Some Arguments for
Tiered Water Pricing
by Robert E. Ulanowicz, Ph.D.
Statement to the League of Women Voters in Orlando, 2017
| AN INEVITABLE Tragedy of the Commons occurs when a necessary resource becomes available free of cost to a community. Ladies & Gentlemen, this tragedy is unfolding as I speak – right beneath our feet!
Most in this room pay a delivery fee to an urban utility for their water. But the gross majority of water from our aquifer is pumped without cost by agriculture, industry and rural homeowners. Theoretically, withdrawals are regulated by consumptive use permits and minimum flow levels, which in reality are political footballs. Anyone with sufficient resources and power can subvert these controls. Our newspapers are full of examples.
We necessarily struggle to improve the efficiency of water use, but such measures are overwhelmed by increased demands. We are increasingly pumping brackish water in numerous coastal areas, a situation that is practically irreversible. Desalinization is too costly to support agriculture and industry. Absent a new course, Florida is doomed to become a dry-island Caribbean economy! (No exaggeration!)

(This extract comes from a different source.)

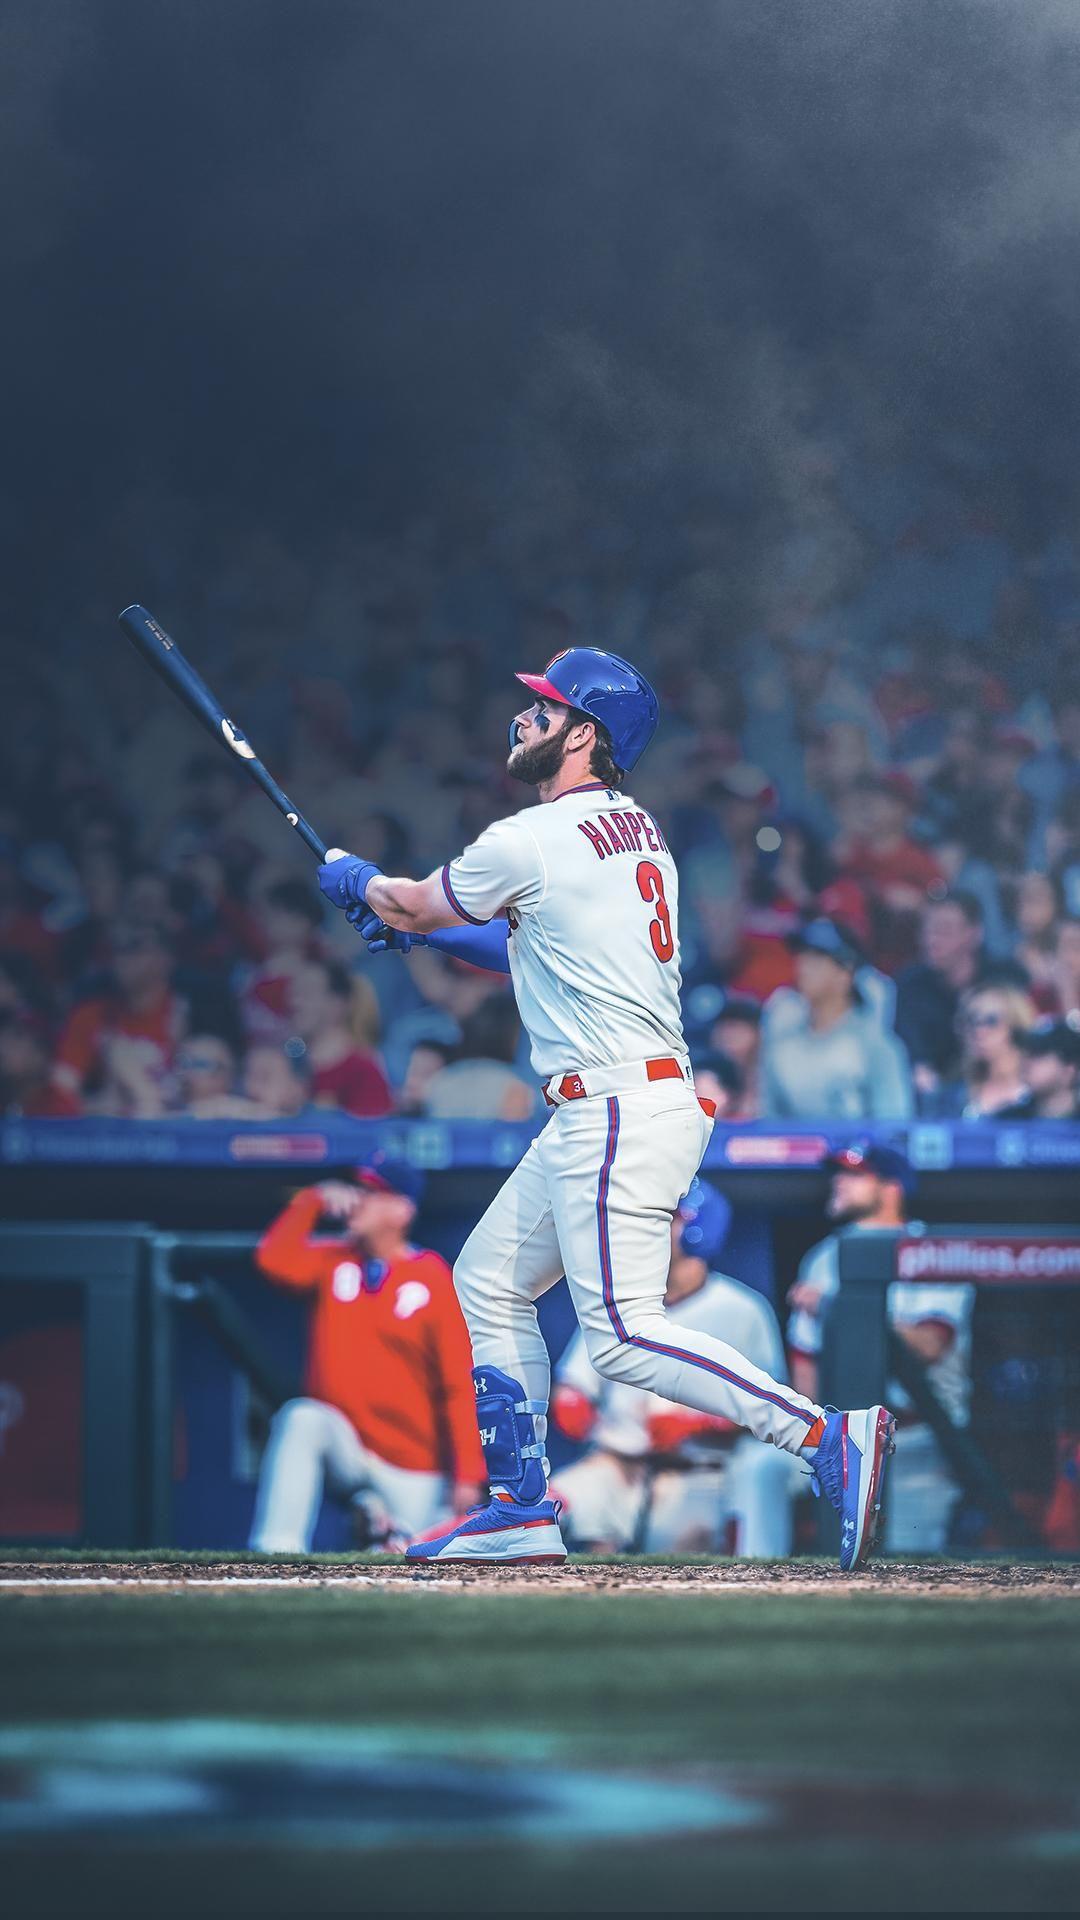 Mlb Baseball Wallpaper Android Download In 2020 Baseball Wallpaper Baseball Game Outfits Mlb Wallpaper

I submit the only solution to this growing tragedy is to remove regulation from the political arena. Experiments in Florida with tiered water charges have proven to cut consumption astoundingly. Effective control can be restored only by a combination of full-scale monitoring, capping of regional withdrawals and equitable tiered universal charges. It’s almost too late. We require a dramatic, new direction – now!